The solution has been to partner with top quality service providers, develop our own web technologies and always follow up anything that looks odd (more on that strange sounding final point another time). And so as a technology-led retailer you consider that you have done all you need to do keep your site running.

And yet almost every week we have issues to investigate. The upside is that because we have a great team the issues are generally resolved quickly. After each incident we conduct a root cause analysis to identify what exactly went wrong and what we can do to stop it happening again. yet the root cause analysis keeps coming up with the same source of problem time after time – a slap dash and cavalier approach to uptime from many of the people who we didn’t even realise were our suppliers.

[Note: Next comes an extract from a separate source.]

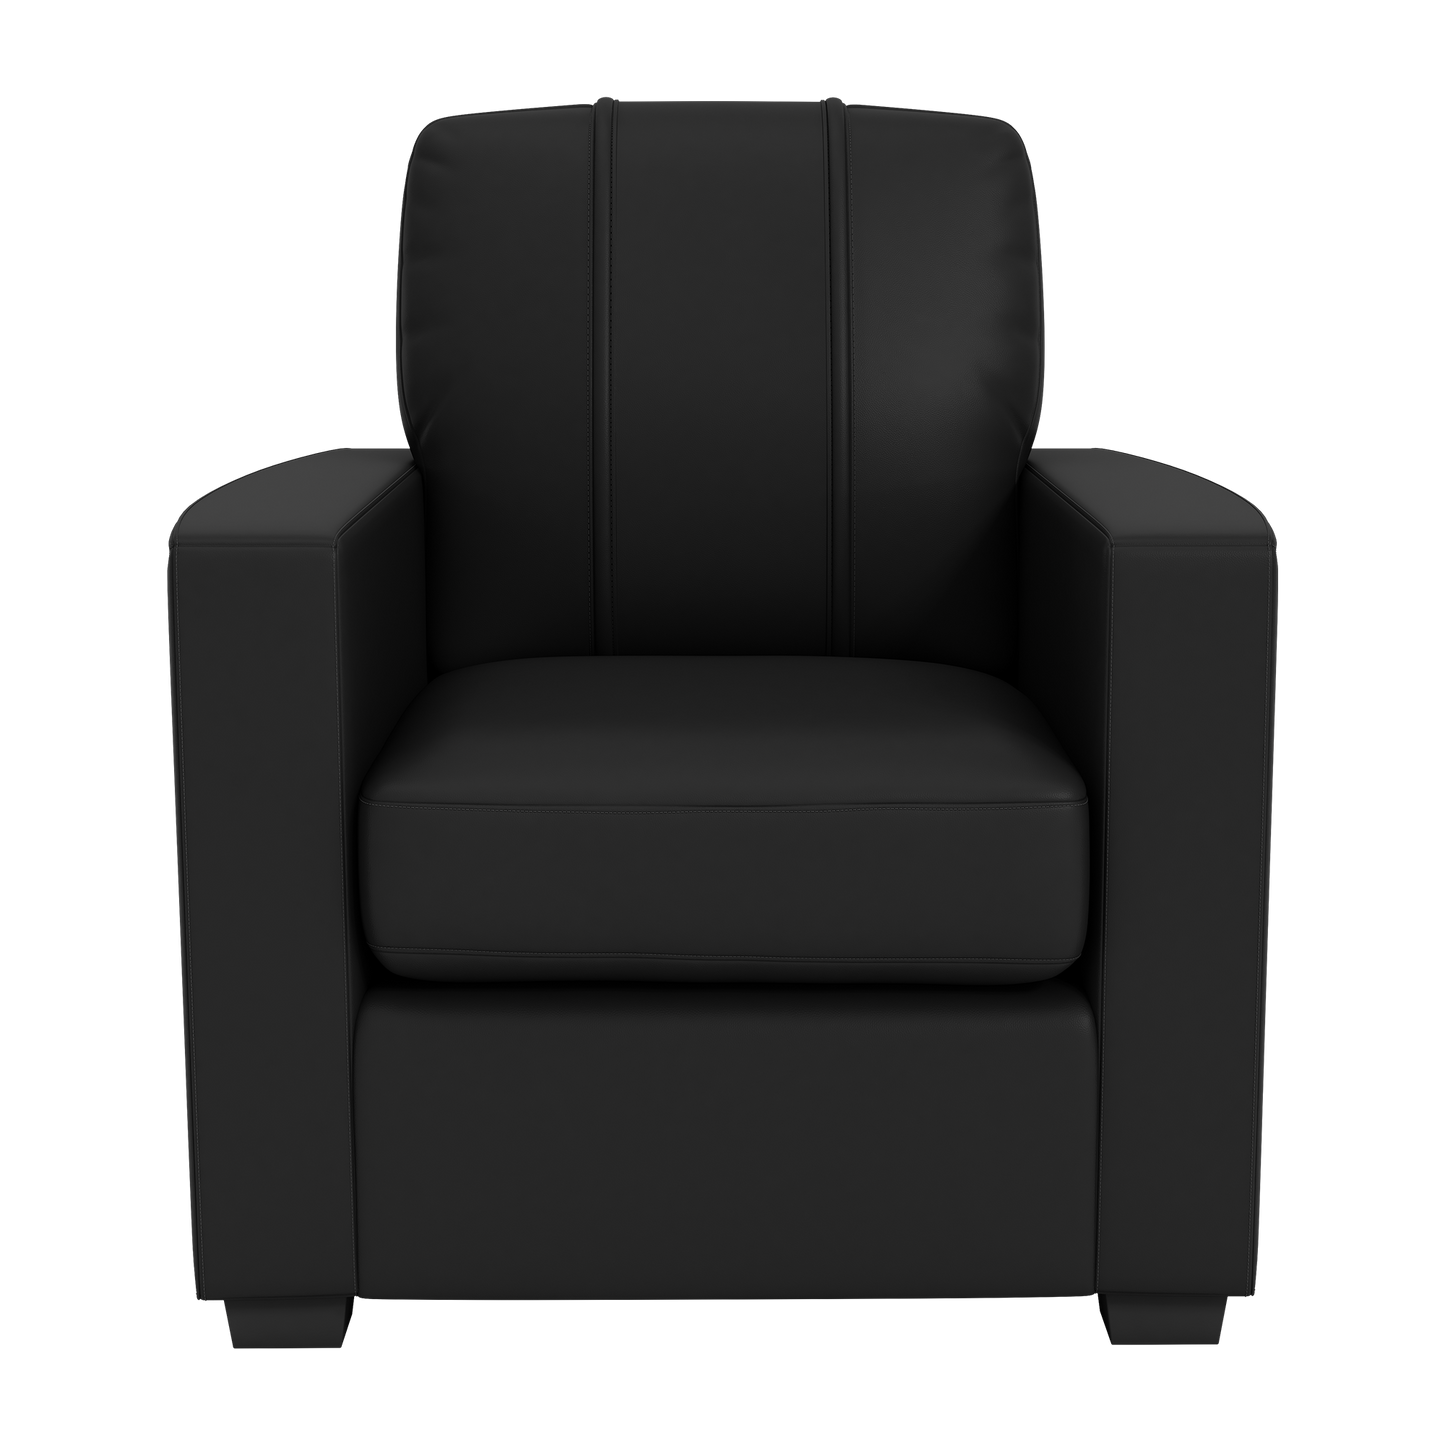 Silver Club Chair with Houston Astros Logos

For exmaple, we had a complaint from a customer that there was a security warning when she checked out on our site. She rightly wanted to know was everything OK and should be worried about her details being compromised. Root cause analysis found that one of our marketing partners Mythings was allowing all of its clients to put down an anonymous tracking cookie after someone had checked out successfully. One these clients had an out of date security certificate and so was generating the error. When a couple weeks later Mythings started serving up a JavaScript error in our checkout tunnel we decided the problems out weighed the benefits and ceased working with them.

However, it did cause me to some thinking about uptime and depending on other partners. We are currently able to offer around 99.9% uptime inlcuding planned maintenance. That’s around 10 minutes of downtime a week and, if it’s planned, that will be at 3am. Now if every partner we work thinks that having here service available of 99.9% is all they need too, then if we have 30 dependencies then that works out at an average of 300 minutes or 5 hours of degraded experience or downtime every week!

So I have begun asking suppliers what we can expect by way of uptime – most are not very forthcoming and in some cases we don’t even know who they are!

So apart from firing everyone who let’s us down, what can we do to mitigate the risks of downtime further?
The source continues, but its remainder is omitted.